*** Dataset content Section Begins ***

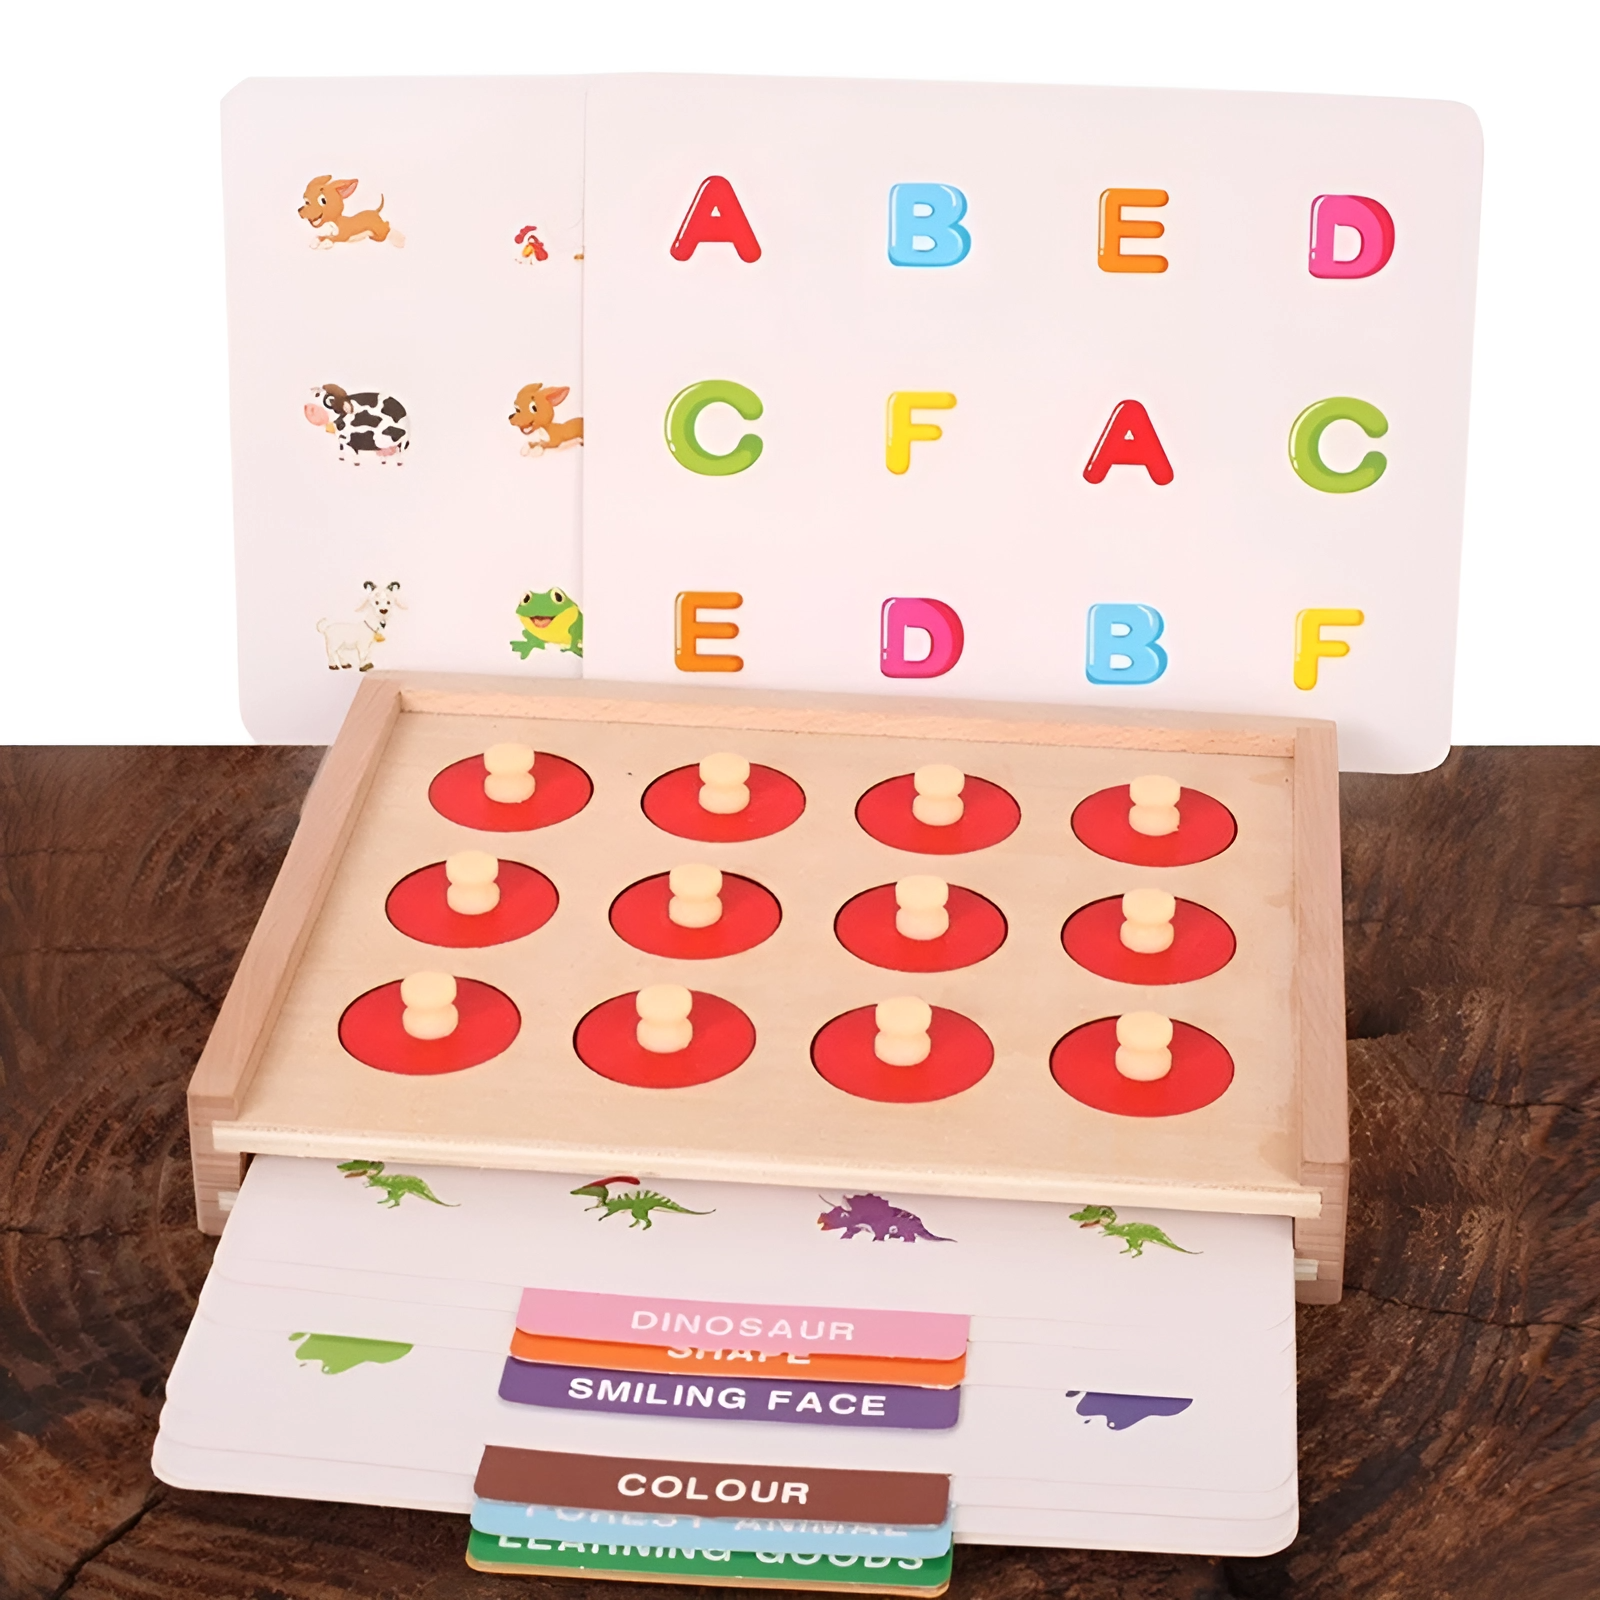 Развивающая деревянная игра Belvedere kids с множеством ярких кочек Memory game развивающая игрушка лесная мастерская азбука окружающего мира
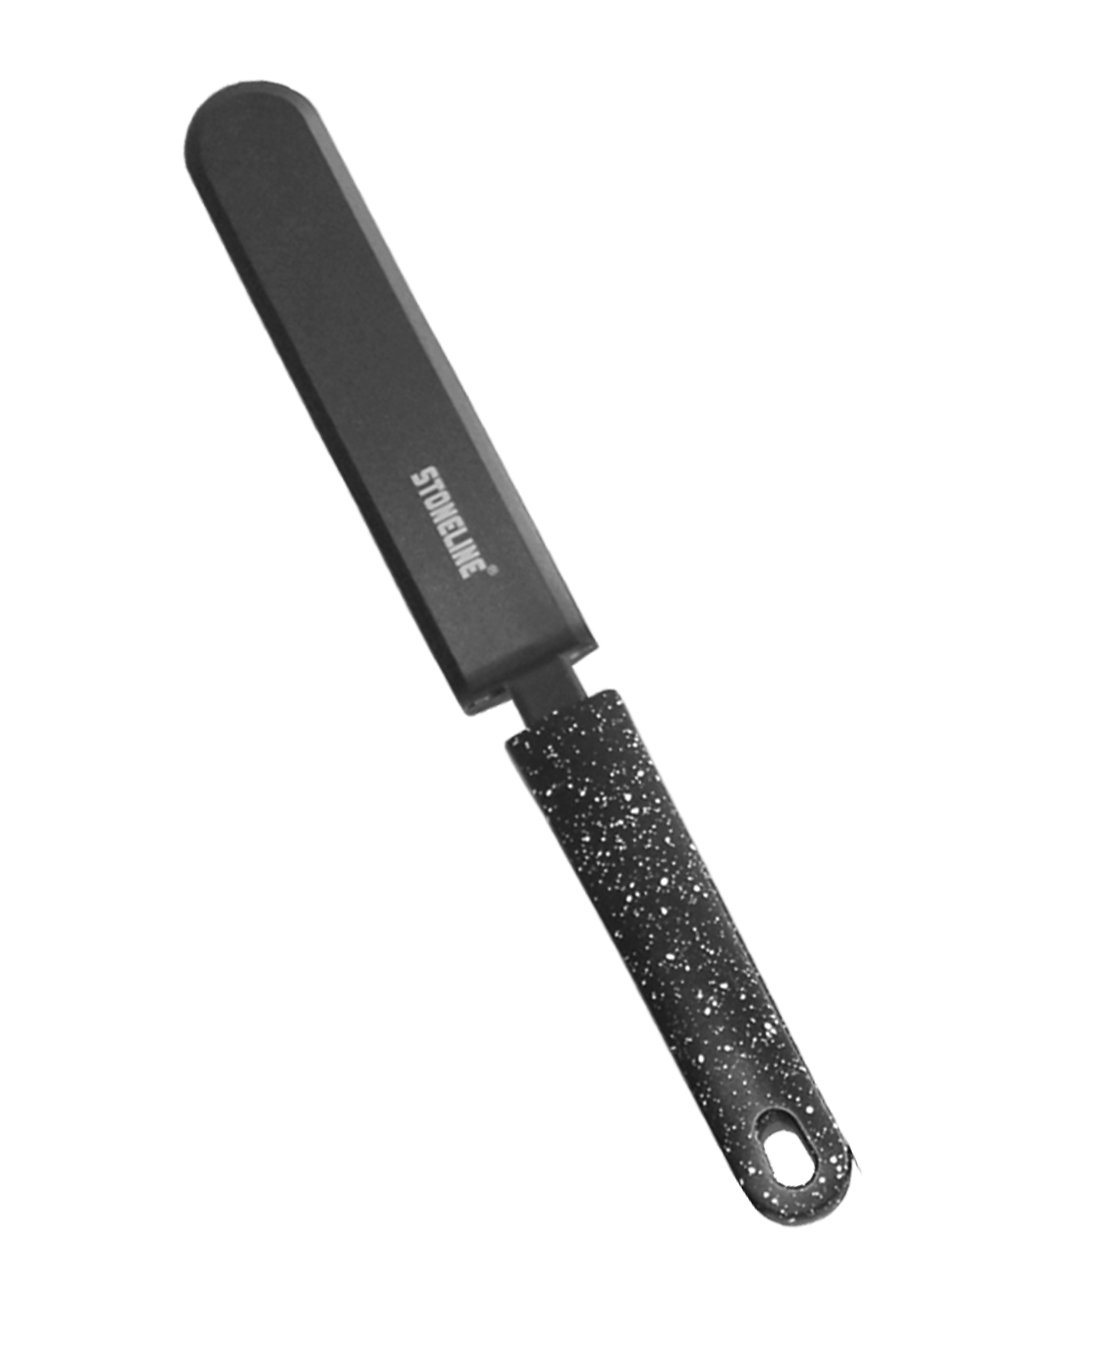 STONELINE® spatule avec support, plastique
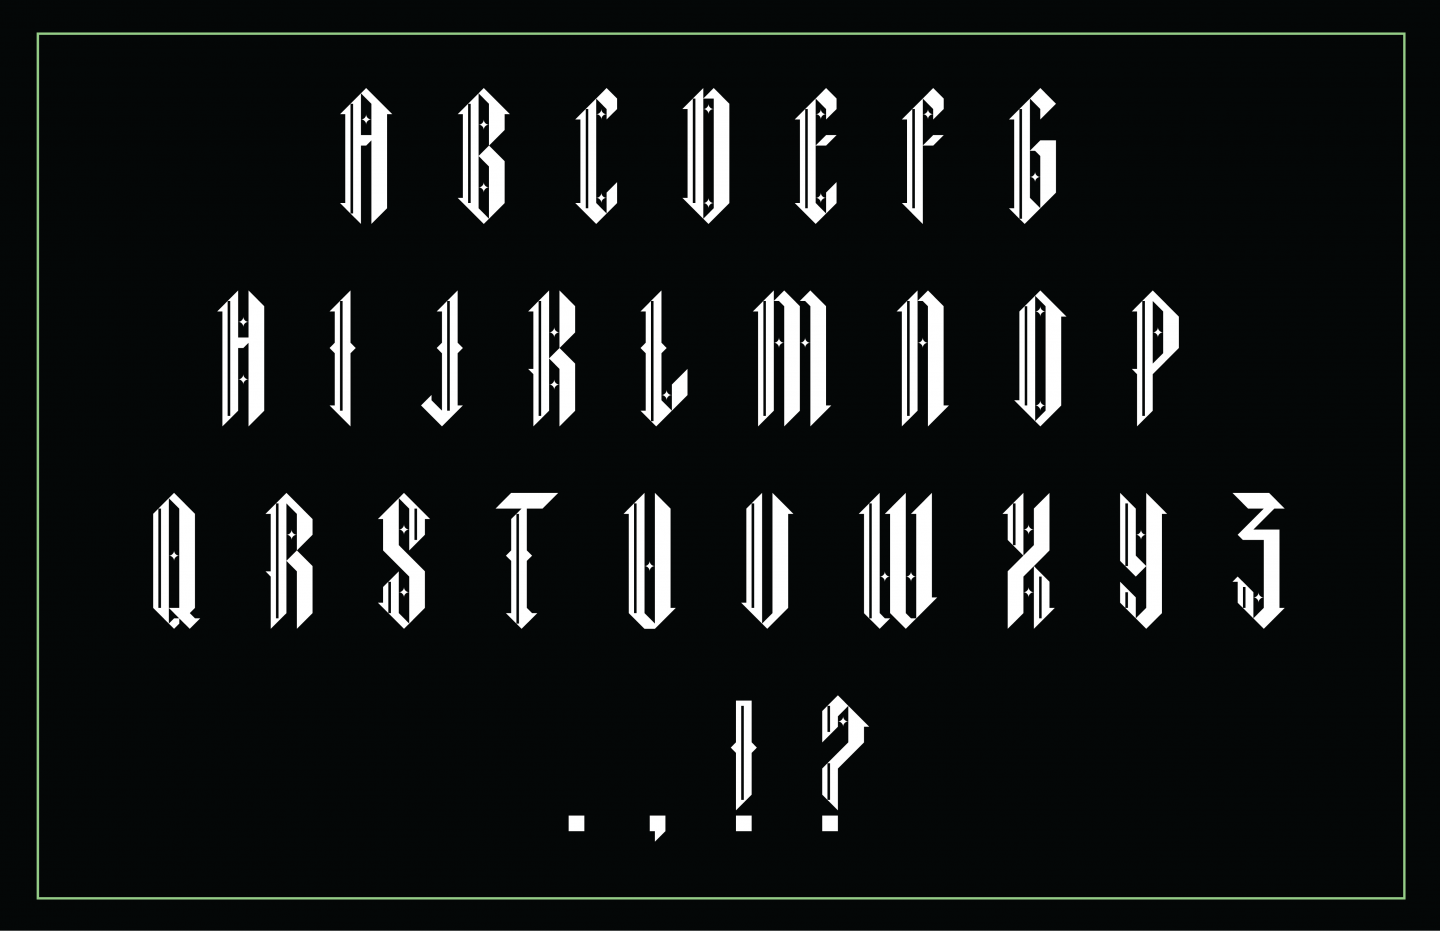 Twinkle Blackletter Typeface Design

*** Dataset content Section Ends ***

* **About this task**: Go through the listing above and write it out again exactly, dropping the pictures.

* **Answer below**:
 Развивающая деревянная игра Belvedere kids с множеством ярких кочек Memory game развивающая игрушка лесная мастерская азбука окружающего мира
 STONELINE® spatule avec support, plastique
 Twinkle Blackletter Typeface Design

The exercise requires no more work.